I observe for many days or years that the sun rises in the morning every single day. I predict that the sun will rise tomorrow morning, and every successive morning.

You have now arrived at a fairly “large” general conclusion. Likewise, the same reasoning is used by children who burn themselves ONCE by touching a stove, and then conclude that they must never touch a hot stove again, lest they get burned.

In a sense, inductive reasoning is learning from experience. And, as long as it applies only to your personal situation, it is vastly helpful. But, when you expand it to the way you view things in a global sense, it can become quite dangerous—to those in charge.

In the case of of COVID, we were bombarded with official information from the get-go, nonstop. For those conditioned by the education system and peer pressure to always trust authority, their patterns of behavior would become predictable. They would keep a six-foot distance from others even though the virus is carried as an aerosol and is suspended in the air for some time before dispersing, no matter how far away you stand from others.

They would mask up, even after getting contradictory information from the same authorities. And, they would get vaccinated repeatedly, even though the ADMITTED initial side effects of the vaccine were worse than anything they had previously experienced.
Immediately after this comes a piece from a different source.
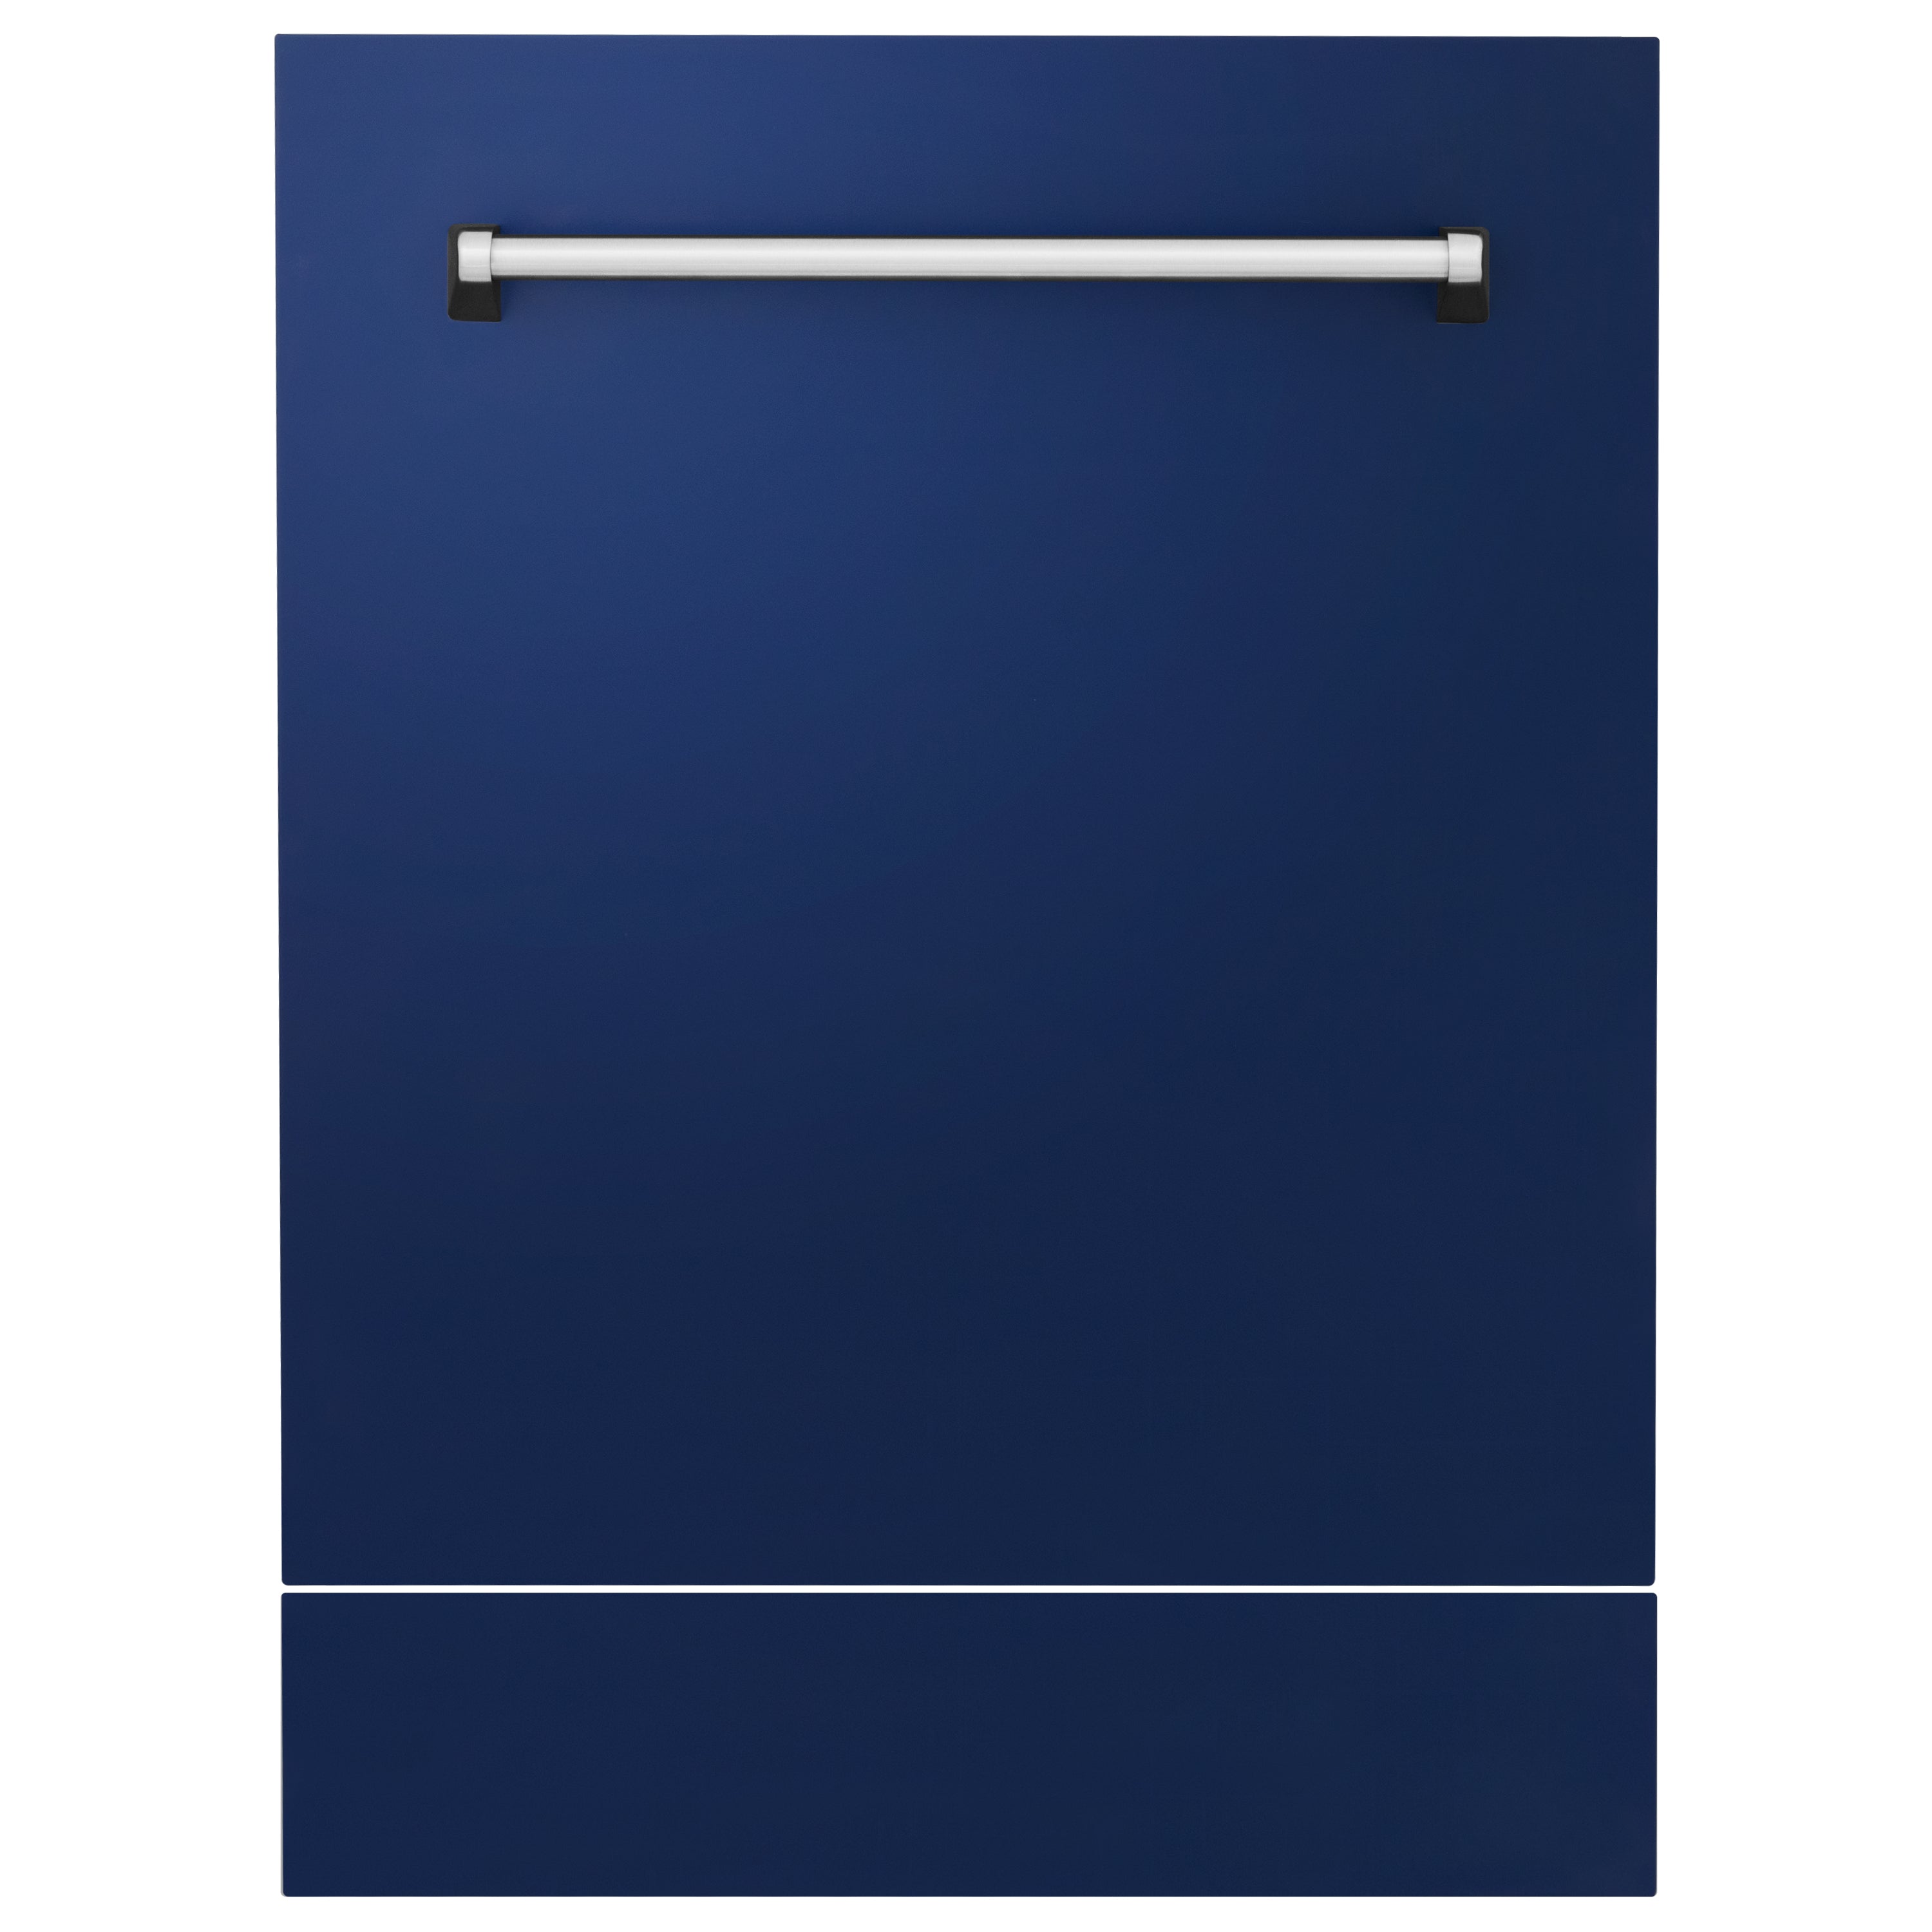 ZLINE 24" Tallac Series 3rd Rack Tall Tub Dishwasher in Blue Gloss with Stainless Steel Tub, 51dBa (DWV-BG-24)

The CDC would first say that the vaccines prevent infection and transmission, only to later say that they don’t. When the infection/transmission mantra disappeared, it was replaced with the never-proven notion that at least the vaccines would prevent serious illness. (None of the touted studies corrected for anything other than the age of the patients involved, There was no consideration of health histories.)

Dangerous inductive reasoning would eventually conclude that the authorities were repeatedly lying to us. Thus, why should we believe a single thing they say?

Finally, some will object that you can’t PROVE anything with inductive reasoning. In the sunrise example, I certainly can NOT prove that the sun will rise tomorrow; I can only predict this. However, it is also true that nothing can be proved, absent some assumptions, including the meaning of words and the Law of Identity.

Bear in mind that nothing can be proved with deduction, either, unless the premises can be independently demonstrated to be true, and the application of the deductive logic is shown to be sound. At any rate, since deductive conclusions are very specific, they will almost always be less profound or dangerous than inductive conclusions.